My husband likes hard rock/metal, too--maybe he would like this group! Can I find it in the usual music stores, or do I need to look on a specialty website?
you can find it in conventional 'christian' book stores
you can also get it from www.toothandnail.com
m.d.
WildCelt
3rd August 2004, 10:15 AM
You may want to have him give it a listen before you just go buy it for him. Living Sacrifice "metal" and Nickelback "metal" are two different beasts :D
muffler dragon
3rd August 2004, 10:19 AM
You may want to have him give it a listen before you just go buy it for him. Living Sacrifice "metal" and Nickelback "metal" are two different beasts :D
Shhhhsssshhhhhh. WildCelt, don't do that. :)
Nickelback is pop rock compared to LS, but she needn't know that.
Sephania
3rd August 2004, 10:30 AM
Oy! this was a great interesting thread about Y'shua's emotions and now it has degraded to a chit-chat about Rock music. :doh: ( Maybe a nice MOderator will come along and split this conversation out from the OP ;) )

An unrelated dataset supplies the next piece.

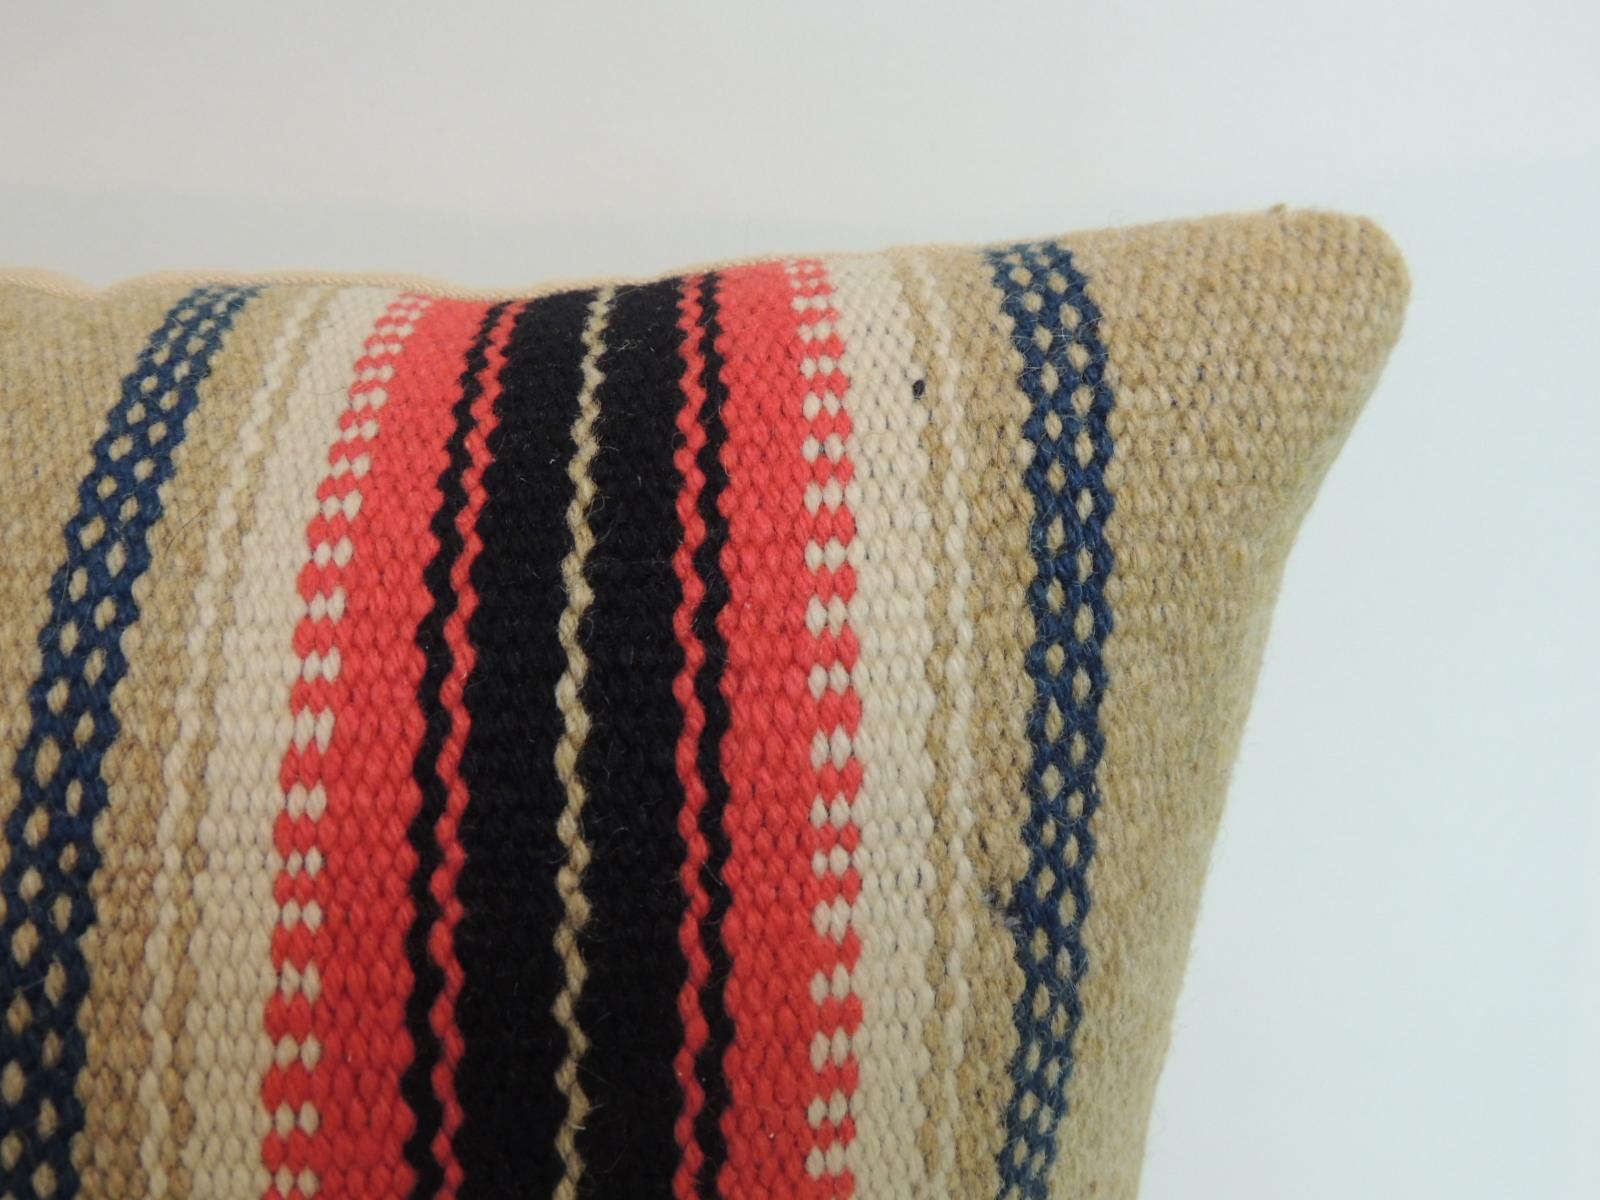 Vintage square Southwestern style woven wool decorative pillow.
Vintage Southwestern woven wool decorative square pillow. Accent pillow in shades of red, black, mustard yellow, hunter green and tan. Santa Fe style throw pillow finished in soft

Since we want to talk about rock music here, let me ask, does anyone know where the name for this came from? I mean why is it called "Rock" music? And do you think it's played in heaven?
brentsbaby612
3rd August 2004, 10:33 AM
Or course Yeshua smiled. I don't think there's even any arguement here. Just because you are prudent, holy, and righteous doesn't mean you can't enjoy life. I don't know about playing tricks on people, but even if you read some of his responses to the pharisees you can sense the comedy in his words. Kinda like He was making fun of them for there arrogance.
Sephania
3rd August 2004, 10:48 AM
I don't think he was laughing, do you not know he had seen all this from heaven, that he knew everything they were thinking? It was enough to sober anyone, he is so sick of it he says things like this: Oh faithless and perverse generation, how long shall I be with you? how long shall I suffer you?
As far as the children, he was very upset with those that held them back from him and made a lesson out of it on a very serious subject, the kingdom of heaven. Then he took them in his arms and laid his hands on them and blessed them, just as is done today, in seriousness and hope for their future, and this does not involve levity.
Just because he was accused of things and was viewed as being frivilous, (*eating and drinking) does not mean he was. He came to do serious work, even as a child we see that he was not like one would think in the Chrisitian world, laughing, playing, being carefree, at 12 we see him in the temple Teaching the priests! Serious bussiness, he even rebukes his mother for not knowing that he would just be lost in some silly childess losing of time, playing around somewhere when everyone left for home, but that he was, even at that age, at work. Thirty three years in the whole grand scheme of things is a very short time to do what he needed to do.
You must remember that Chirisitanity has painted a portrait of a non-Jewish Jesus, and not only taken things away, but added also what they want him to look like, act, and do.